Hersill and its VIATE 40: the largest national producer is commissioned by the Government

Located in Móstoles, founded in 1987 and with 60 workers, the Madrid SME Hersill was already the largest producer of respirators nationwide. But its production level was below what this crisis needs.

Your VITAE 40 pulmonary ventilator weighs less than 1.4 kg and is designed to be held in one hand. The emergency respirator includes "all ventilation modes, integrates capnography options (including an interface for volumetric capnography) and wireless communications (bluetooth and wifi) for selective downloading of ventilation logs for real-time or remote analysis from the hospital. It also includes specific ventilation modes for CPR and exclusive assistants (CPR wizards) according to the latest ERC and AHA guidelines. " A complete and approved respirator that has received a significant boost to face the COVID-19.

Military engineering firm Escribano Mechanical & Engineering has teamed up with Hersill to produce up to 5,000 lung ventilators over the next 8 weeks. A request that arises directly from the General Secretariat of Industry.

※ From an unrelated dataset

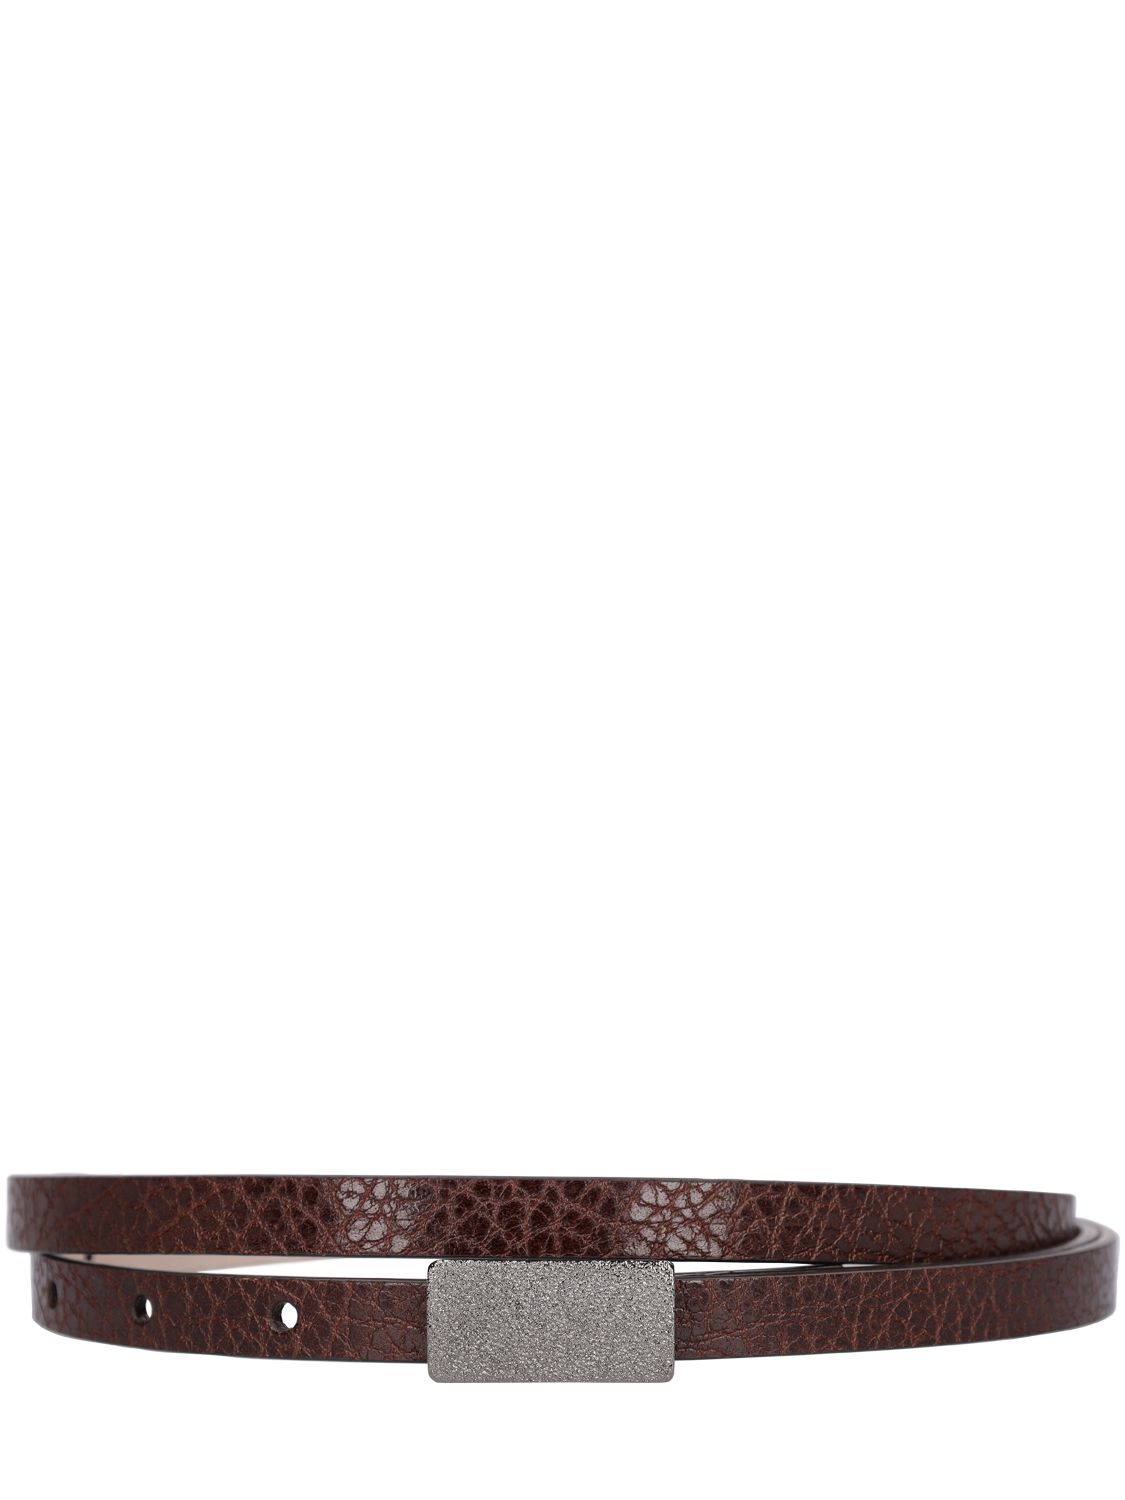 1cm Embellished Shiny Leather Belt

Last Friday, the President of the Government, Pedro Sánchez, together with the Minister of Health, Salvador Illa, paid a visit to the Hersill facilities to observe first-hand this initiative to manufacture respirators. In total, Escribano and Hersill aim to produce about 100 respirators per day. That is, multiply by ten the production of 10 units a day that Hersill maintained to date.

If the plans continue as planned, Spain will be able to supply itself with respirators in June and it could even be possible to create a surplus. Devices that could be exported to those countries that are in a similar situation to the one that now affects Spain.